AI infrastructure also must be adaptable. With GPU lifecycles shortening to 12–18 months, and new AI architectures requiring ever-higher power densities and advanced cooling, obsolescence is a real risk. Developers can mitigate these risks through modular designs and partnerships with hardware vendors to ensure rapid tech refresh cycles and upgrade flexibility.

Looking ahead, inference—not training—will drive the majority of compute demand. By 2030, we see inference driving 75% of AI workloads as models become embedded into real-time applications across every industry.

Meanwhile, robotics will place new demands on physical infrastructure. Humanoid robots, powered by multimodal AI models, are expected to reach production volumes in the millions within a decade, creating another layer of capital formation across industrial AI ecosystems.

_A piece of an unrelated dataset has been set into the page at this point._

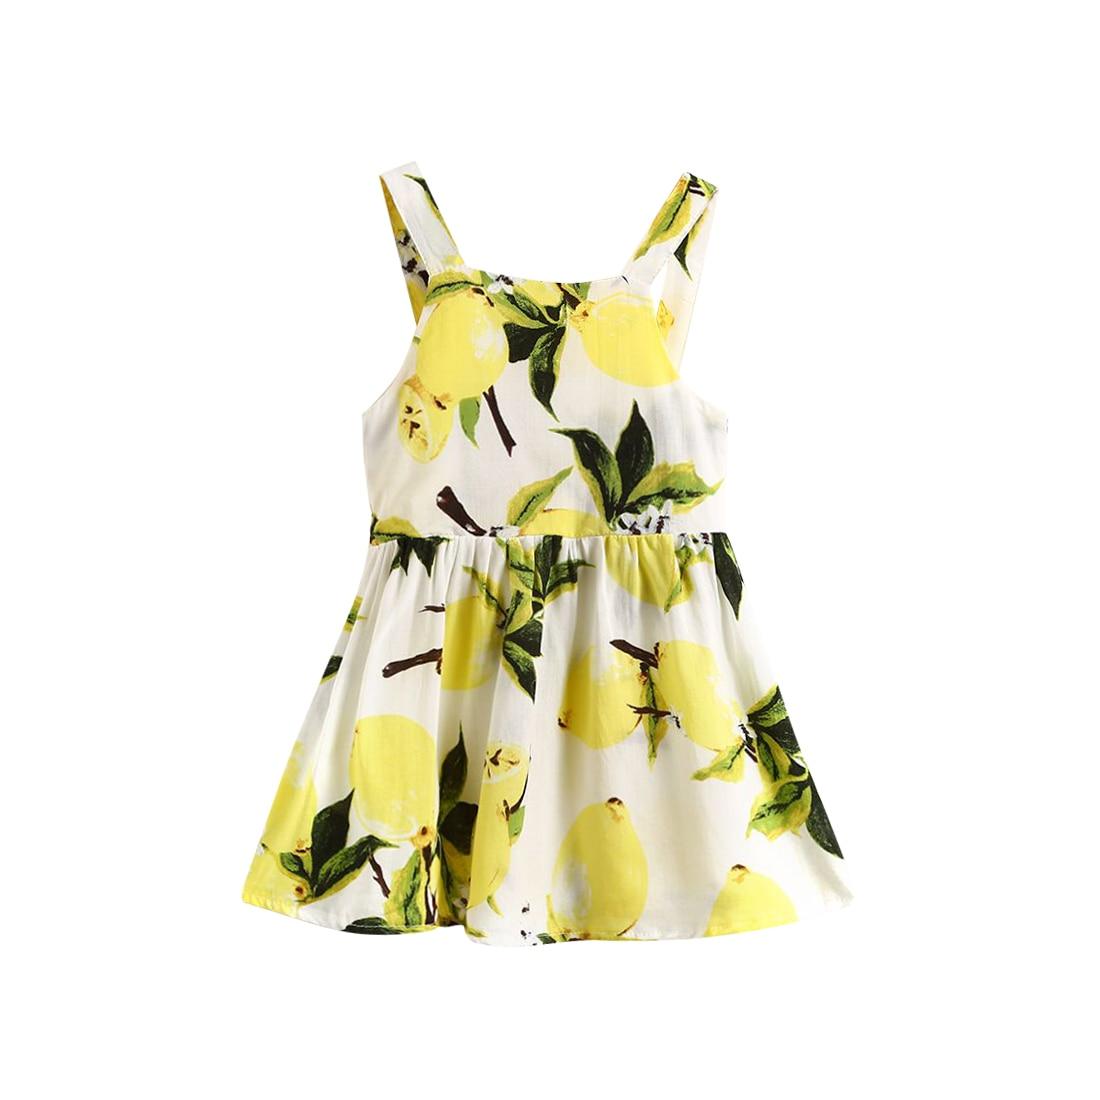 High quality Newborn Baby Kid Girl Sleeveless Sundress Fresh Dress Pageant Party Clothes Tutu Lemon 0-24

The Defining Opportunity of Our Time

The emergence of AI is not just a software revolution—it’s a physical one. The infrastructure required to enable it is vast, complex and mission-critical, and the $7 trillion in capital needed—whether in the form of debt or equity—is just one of key requirements. Those with access to the right capital, partnerships and policy alignment, the expertise to build and operate at scale, will shape the future.

Hadley Peer Marshall, Chief Financial Officer, Brookfield Asset Management; Managing Partner, Infrastructure


1IDC, "The Business Opportunity of AI," November 2023.
2OpenAI, “GPT-4o mini: advancing cost-efficient intelligence,” 18 July, 2024.
3Source: Microsoft, Meta, Amateron, Alphabet and Oracle SEC filings and earnings releases, 2025.